If the poverty line moved according to income, and if we assume that the very low line of US$ 1 per day was correct in 1990 (the baseline date for MDG1), this line should currently be located far above US$ 2, as the world per capita income has more than doubled between 1990 and 2010. Which means that a much larger proportion of the world’s population than that estimated by the World Bank lives below a level of ‘essential decency’. Yet to substantially improve the lives of this section of the population would still be an achievable goal, since average global income now equals about US$ 30 per day per person.

There is a risk that if the post-2015 agenda lowers the bar even further and is perceived as being focused only on a few countries while failing to address inequalities on a global scale, public frustration with development efforts will ensue. For a global agenda to obtain the public’s support, which is at the root of political commitment, both the poverty extremes and the inequalities that account for mass mobilisations, from the ‘indignados’ of Europe to the Arab Spring to the Occupy movement in the US, need to be addressed.

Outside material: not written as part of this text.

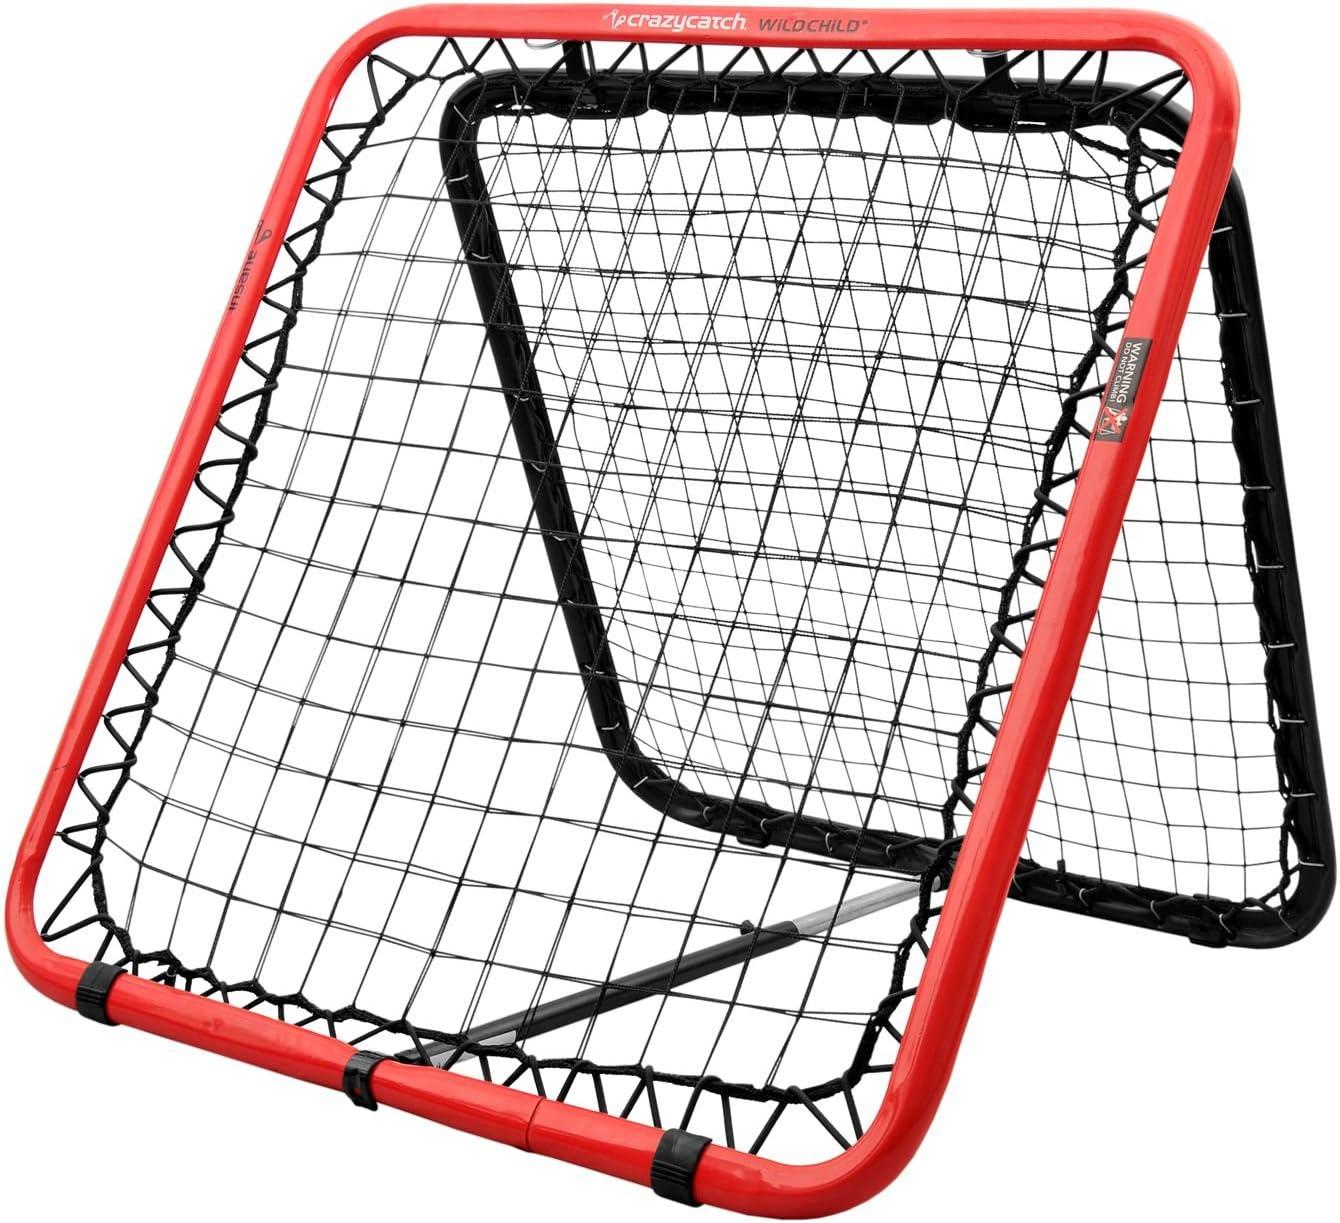 Crazy Catch Wild Child 2.0 Sport Rebounder Net - Best for goalkeepers
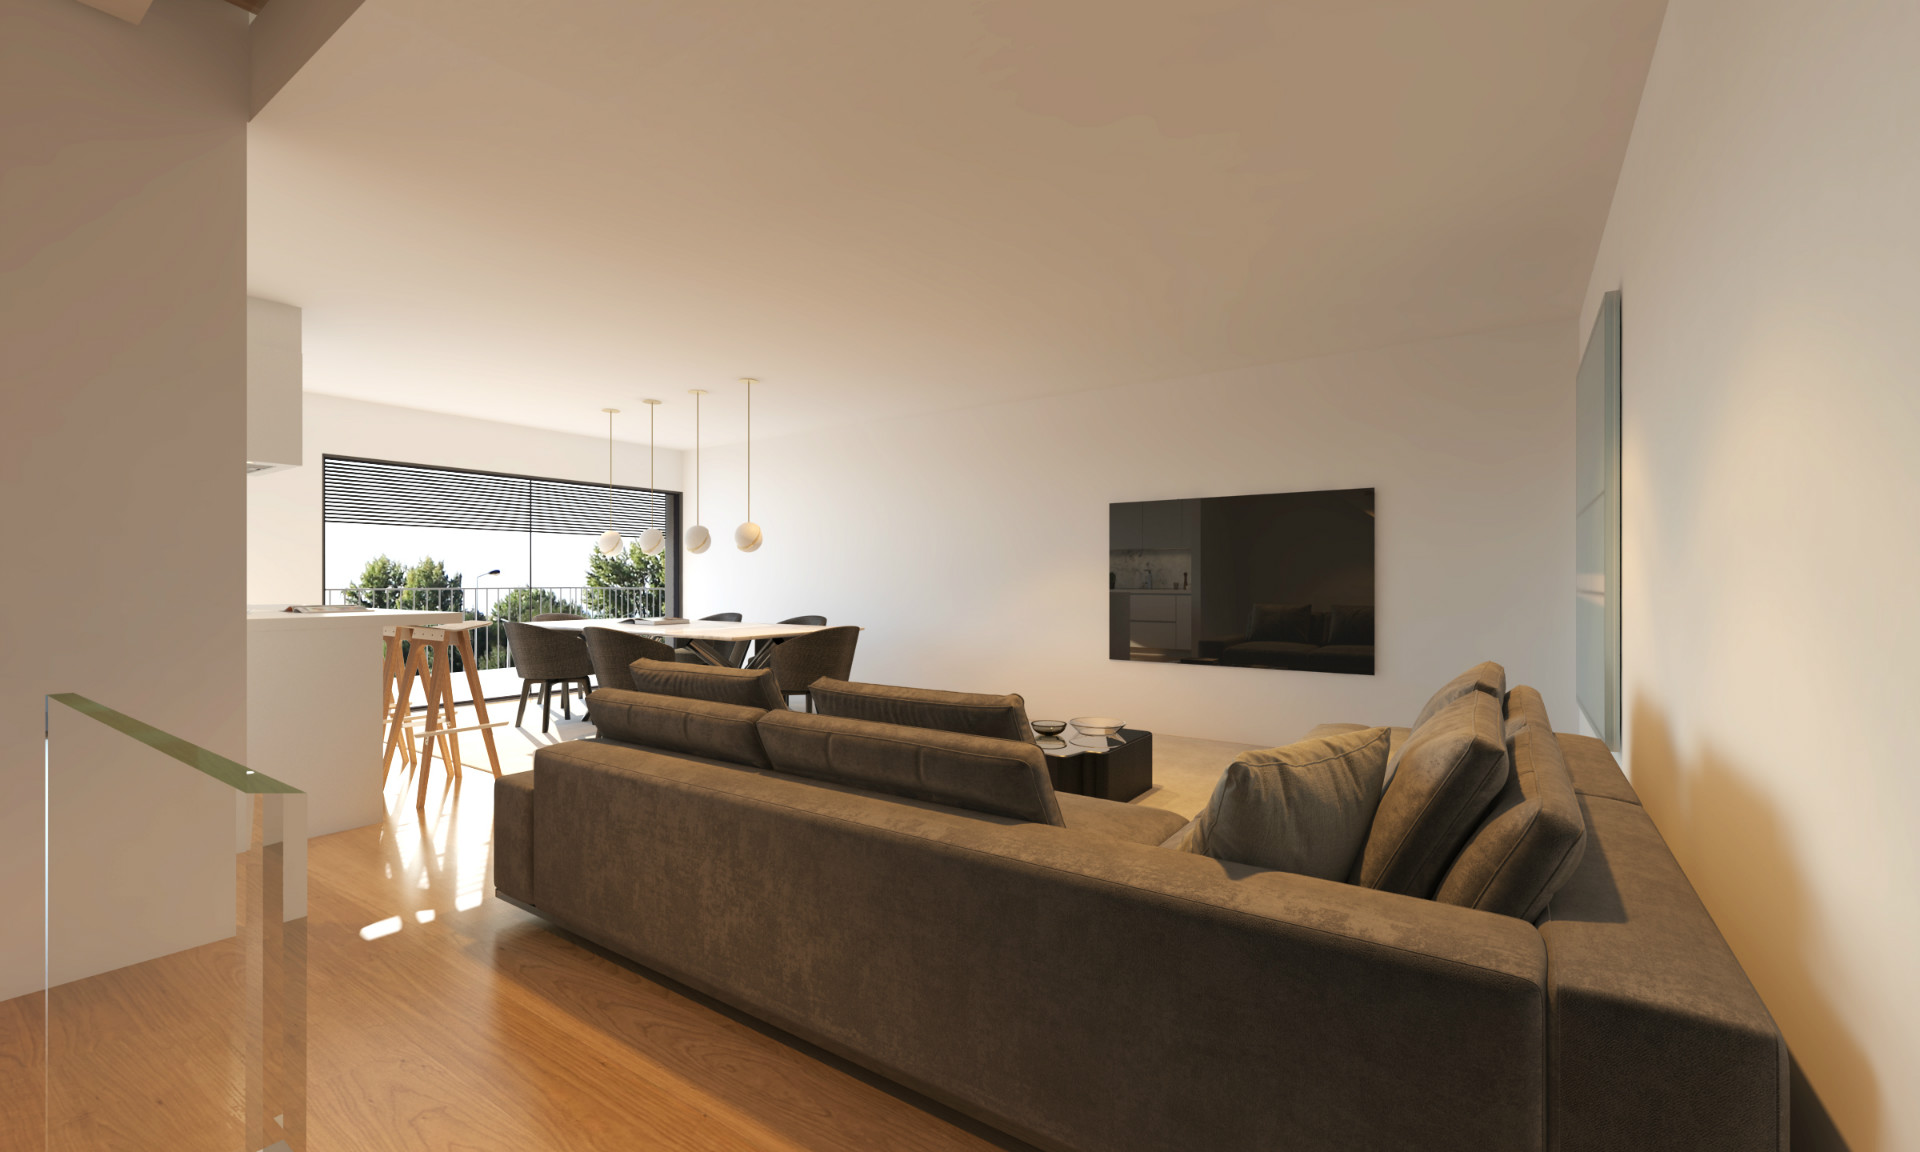 Arquitetura, Braga, Luxo, Qualidade,T4, Churrasqueira

But, will the global community today be able to agree on such an ambitious agenda? If the non-starvation level as defined by ‘extreme poverty’ line is inadequate, how can ‘essential decency’ be defined internationally?

The good news is that this agenda – namely, the human rights agenda – has already been agreed upon and is already legally binding. As early as in 1948, the Universal Declaration of Human Rights combined the aspiration of freedom from fear and that of freedom from want. With the exception of sustainability, which can be constructed as the rights of future generations or the rights of Mother Nature, all other goals currently under discussion are already spelled out in the human rights instruments. This includes all civil and political rights, equality between women and men, rights of the child as well as the right to food, water, housing, health care and education, the right to work and rights at work, and the right to social security.

The definition of what constitutes a minimum social floor may differ from country to country, but international agreement is needed to identify obstacles beyond national jurisdiction that need to be removed, such as the impact of climate change or the threats posed by financial instability.

Nonetheless, as expressed in a letter by two dozen special rapporteurs of the UN Council to the negotiators preparing for the Rio+20 Summit on sustainable development, ‘commitments will remain empty promises without effective monitoring and accountability.’

Such accountability, I want to argue, should be both international and domestic. Moreover, monitoring should be carried out through the Universal Periodic Review of the Human Rights Council or a similar ad hoc mechanism. Nationally, independent monitoring bodies should be created or strengthened, bodies ‘that enable civil society participation not only in defining the indicators to measure progress, but also in providing information to evaluate implementation’.

Unless a set of rigorous monitoring and accountability mechanisms are integrated into the new framework, we are likely to witness an ineffectual development agenda that fails to deliver.

Roberto Bissio is the Executive Director of Social Watch. This blog is an abridged version of Dag Hammarskjöld Foundation’s Development Dialogue Paper Series No. 1.